Jésus, Lui-même se considérait comme un prophète. Il pouvait dire de lui-même : « Un prophète n’est méprisé que dans sa patrie et dans sa maison. » (Mat.13/57) ou encore : « Mais il faut que Je marche aujourd’hui, demain, et le jour suivant ; car il ne convient pas qu’un prophète périsse hors de Jérusalem. » (Lc.13/33) Tout ce que Jésus a dit et fait témoigne qu’Il est le Prophète du Seigneur. L’épître aux Hébreux commence d’ailleurs par cette parole (Héb.1/1-2) : « Après avoir autrefois, à plusieurs reprises et de plusieurs manières, parlé à nos pères par les prophètes, Dieu dans les derniers temps, nous a parlé par le Fils… » Il est celui par qui le Père a parlé. Il est celui par qui le Père a parlé de toute éternité, car c’est l’Esprit du Seigneur qui, déjà, habitait les prophètes de l’Ancienne Alliance.

D’autres religions ont appelé leur personnage le plus illustre : le prophète. Nous savons que le véritable Prophète, c’est Jésus. La question est de savoir pourquoi nous l’appelons Jésus, le Christ ce qui veut dire Messie, Oint, plutôt que Jésus le Prophète. Nous pensons rarement au Seigneur en tant que Jésus le Prophète. De même, dans nos prières ou notre témoignage, nous ne parlons pas de Jésus le Prophète, mais plus spontanément de Jésus-Christ. Il y a un véritable intérêt à comprendre ce que veut dire : Jésus le Prophète. Il est ce prophète, celui que Dieu a suscité. Il est également intéressant de comprendre pourquoi nous n’appelons pas Jésus le Prophète et pourquoi nous l’appelons plutôt Jésus le Christ. Que veut d’ailleurs dire pour notre génération, l’expression « Jésus est le Prophète » ? Il s’agit de ne pas laisser penser à ceux qui nous entourent que le prophète est un autre que Jésus. Nous pouvons revendiquer ce titre pour notre Seigneur, Il est le Prophète de Dieu ; les autres ne sont que des usurpateurs, des faux prophètes.

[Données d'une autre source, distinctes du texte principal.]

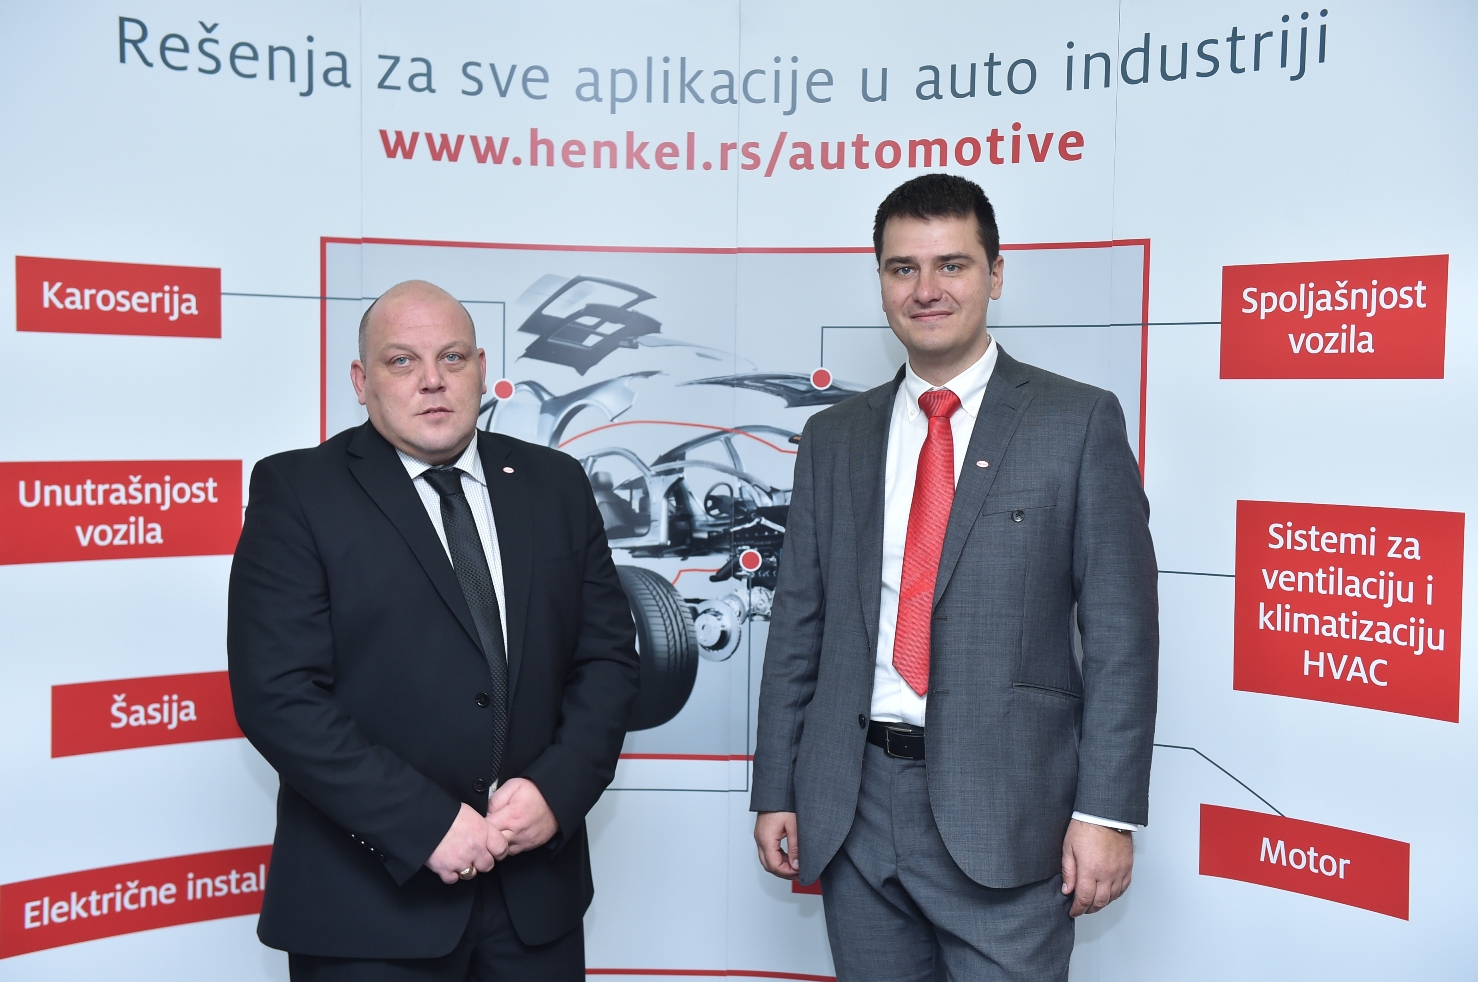 Kompanija Henkel Srbija predstavila portal namenjen auto industriji

Le prophète Juif est un homme ou une femme – puisque nous rencontrons des femmes prophétesses dans les livres de l’Ancien Testament -, qui a reçu un appel direct et personnel de Dieu pour remplir ce ministère. Le prophète était celui qui avait reçu l’onction du Seigneur pour devenir prophète. C’est ce qui le distingue des fils des prophètes. Les fils de prophètes étaient ceux qui étaient à l’école des prophètes. Une des missions premières du prophète était de proclamer le message que Dieu avait mis sur son cœur. C’était un message qu’il devait absolument transmettre. Jérémie disait : « Si je me contiens, il y a un feu qui brûle en moi » Il existe différentes sortes de prophètes dans l’Ancien Testament. Samuel par exemple était appelé ‘voyant’ (1 Sam.9/9), terme qui se perdit par la suite. D’autres, comme Osée et Amos, étaient des prédicateurs du message que Dieu leur avait transmis. D’autres, comme Elie et Elisée, accomplissaient des miracles. Esaïe ou Jérémie étaient des écrivains. Ezéchiel ou Zacharie étaient pour leur part des visionnaires, annonçant les choses à venir. Il y avait donc une vraie diversité dans ce ministère de prophète de l’Ancien Testament.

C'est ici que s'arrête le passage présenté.